Union Pacific Slumps on Drop in Lucrative Auto, Coal Shipments
(Bloomberg) -- Union Pacific Corp. slumped the most in four months after declines for some of its most profitable cargoes dragged on the railroad’s profit.
Adjusted earnings for the largest publicly traded railroad in the U.S. fell to $2.01 a share for the third quarter, missing analysts’ expectations by 4 cents. Sharp drops in volume for coal and autos sent sales tumbling 11% from a year earlier, even though total carloads fell just 4%. Union Pacific’s $4.92 billion in revenue was in line with estimates compiled by Bloomberg,
Intermodal cargo climbed 9.4%. But that category, mostly consumer goods handed off to trucks for final delivery, is a lower margin business than moving coal hoppers and car transporters.

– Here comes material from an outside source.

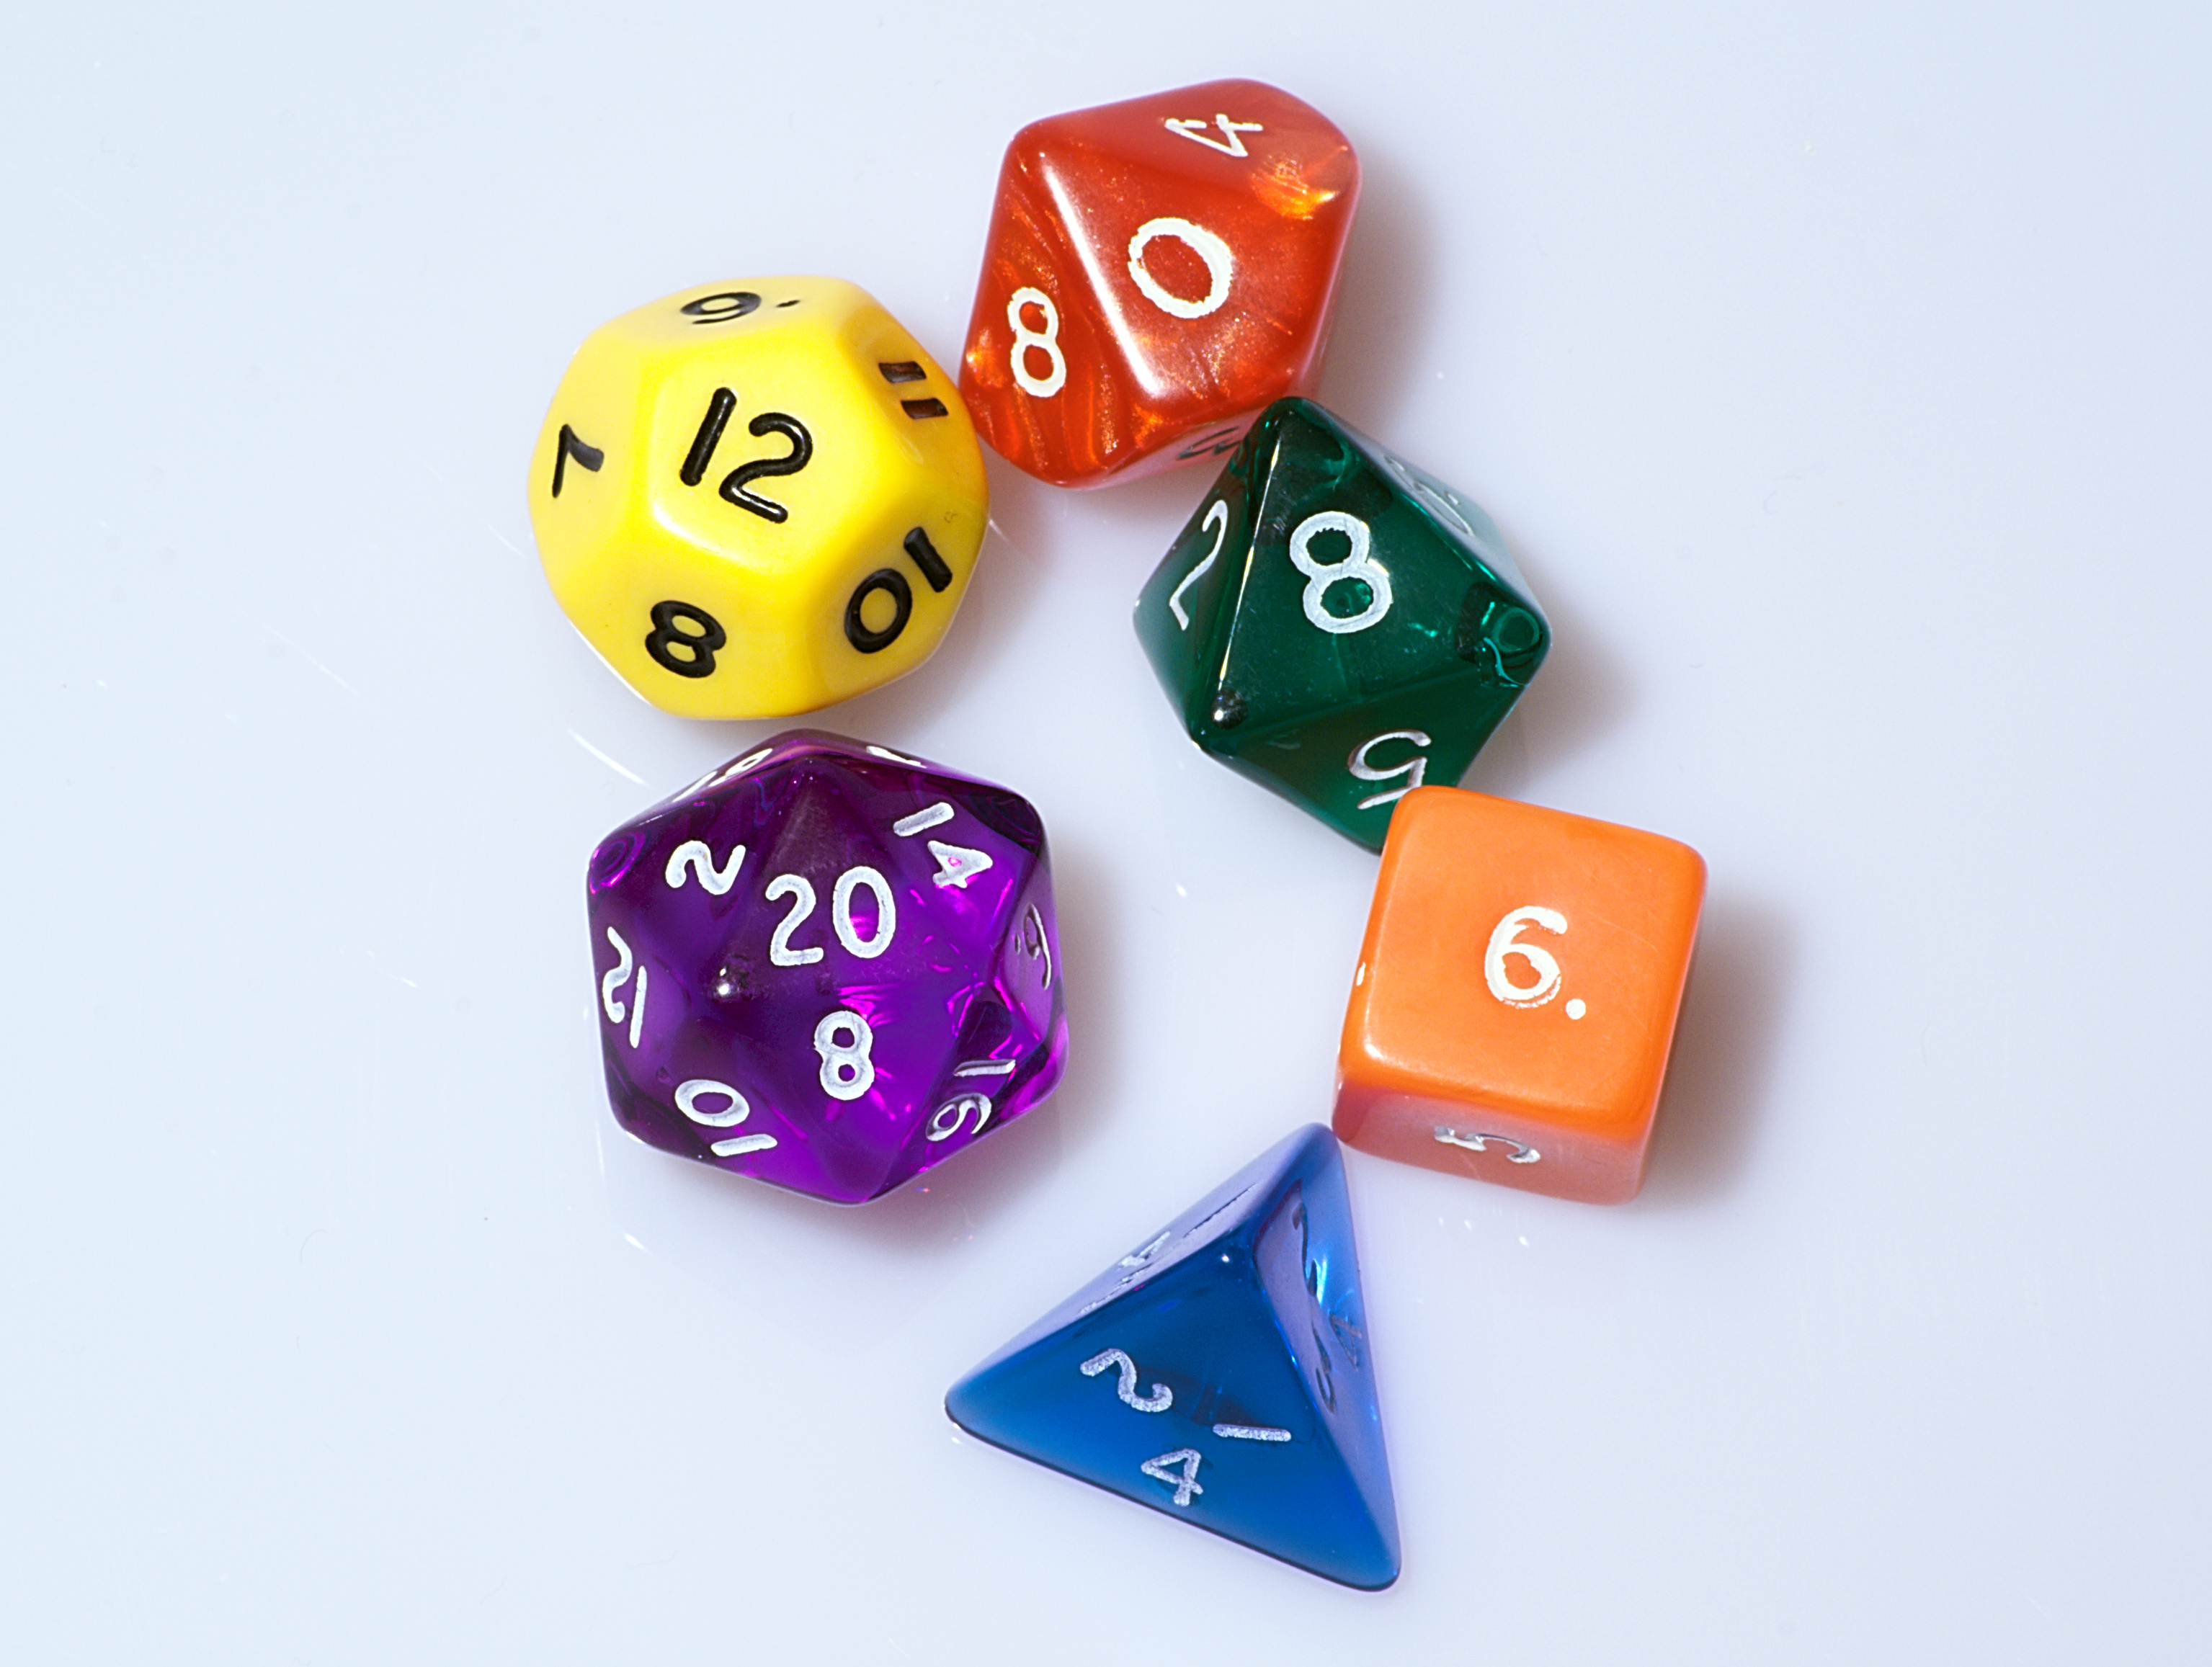 Supporting our local guys, we carry a full range of Easy Roller Dice Company dice and accessories.

“UP was able to outperform our more cautious expectations on mix in the quarter but still fell short of consensus expectations,” Brian Ossenbeck, an analyst at JPMorgan Chase & Co., wrote in a note to clients Thursday.
Railroads were whipsawed by a historic plunge in second-quarter volume because of coronavirus lockdowns and a snap back in the third quarter as businesses began to reopen. Union Pacific’s carloads jumped 19% in the third quarter from the second, according to a statement.
The stock fell 6.3% to $186.93 at 11:45 a.m. in New York after tumbling as much as 6.8%, the biggest intraday drop since June 11. The decline was the sharpest on the Standard & Poor’s industrials index.
Union Pacific has held the line on costs, in part by keeping its workforce 18% below least year’s levels even as volume returned. Operating ratio, a measure of efficiency in which a lower number is better, improved to a record 58.7% from 59.5% a year earlier.
The company forecast volume will be down 7% for the year, better than the 10% decline projected in July.